My backlog currently has about 70 user stories, about 25 of which are high priority. An ideal planning poker session would contain stakeholders with areas of expertise relevant to the project. When dealing with undergraduates, there are no experts, but the gulf between novice and expert itself provides a motivation for planning poker. Although I work with undergraduates regularly, I still find that I often make mistakes when estimating how long various tasks will take them, especially when integrating ideas that I have internalized but that are new to them. In a project involving a combination of object-oriented and entity-oriented design, Scrumcontinuous integration, and unit testing --- all of which are new to the students --- there are ample opportunities for estimation errors!

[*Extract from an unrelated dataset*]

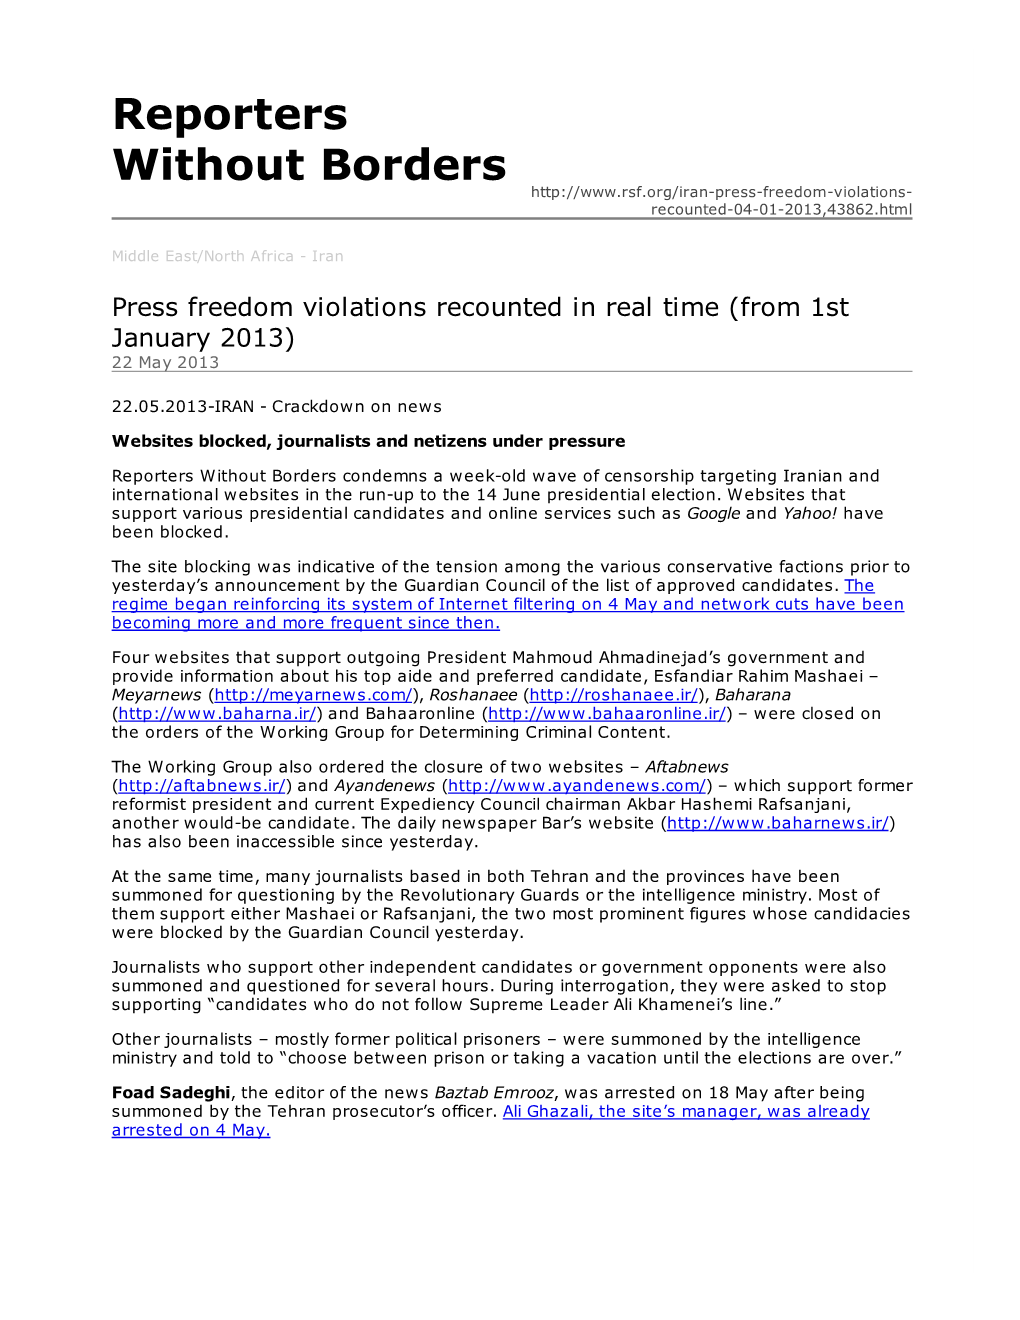 Reporters Without Borders Recounted-04-01-2013,43862.Html

A planning poker session, I figured, could help us determine more accurate story points than if I did it myself. This would also be an excuse to explain the various parts of the experience to a subset of Fall's class, giving me practice and seeding the class with students who have already seen some of the ideas.

(A parenthetical story: Last night, my wife asked me about this morning's meeting, and I told her briefly what it was about. My brief explanation was completely insufficient, so I explained to her some principles of agile software development, Scrum, continuous integration, and planning poker. It seems that, despite the effort I have invested in preparing for the course, I only ever really explained it to her as "working on my spreadsheets." Explaining all of these things to her --- who has as much experience with these ideas as many of my students --- was a great experience for me. This also means that she probably doesn't read my blog, so I can safely write about her here, as long as we all keep our mouths shut.)

I sent out an invitation to some of the students I know who are signed up for CS315, using Doodle to find the time that most could meet. I wish I could have had them all, since I chose them for their breadth of experience and perspective, but the best I could do was Tuesday morning with four of the invited. This morning, one informed me he could not attend, and another did not show, so the meeting went forward with me and the two students. Not counting coffee and bagel time, we worked for about 90 minutes on the backlog and covered all the high priority items. I don't know anything about the programming skills of these two students, but I will say that if I have a class full of students as clever and motivated as them, this semester will be fantastic. As one might expect, the first few were a little rocky as I had to explain some of the background and we had to get a feel for the abstract measurement of story points. We quickly hit stride, and the story point negotiation revealed places where more detail or more stories were needed.

It so happens that all three of us at the meeting are gamers, and it was interesting to engage in planning poker as a cooperative game, especially given my recent interest and readings on software development as a cooperative game. Having this meeting face-to-face, it was fun to choose point values and hold the card face-down while waiting for the others to choose a value: there was the tension of anticipation, the climax of revealing values, and verbal and non-verbal negotiation, and the joy of consensus. In fact, in the few cases where we all chose the same value the first time, it definitely felt like a "win." The experience was a game in Huizinga's sense, especially in the construction of a time-boxed community of players in a shared experience. Qualitative technical communication researchers, take note for potential future research opportunities!

I am confident that the values we determined are reasonable and will give realistic measurements of teams' velocity. Based on this positive experience, I plan to have another planning poker meeting with some volunteers once we make progress on the high-priority user stories. I hope that the experience was as enjoyable for the students as it was for me. My only regret is that I did not take a picture of my awesome planning poker cards before I left, but they are in my filing cabinet for another day. Now if that's not reason enough to come back for more blog, I don't know what is.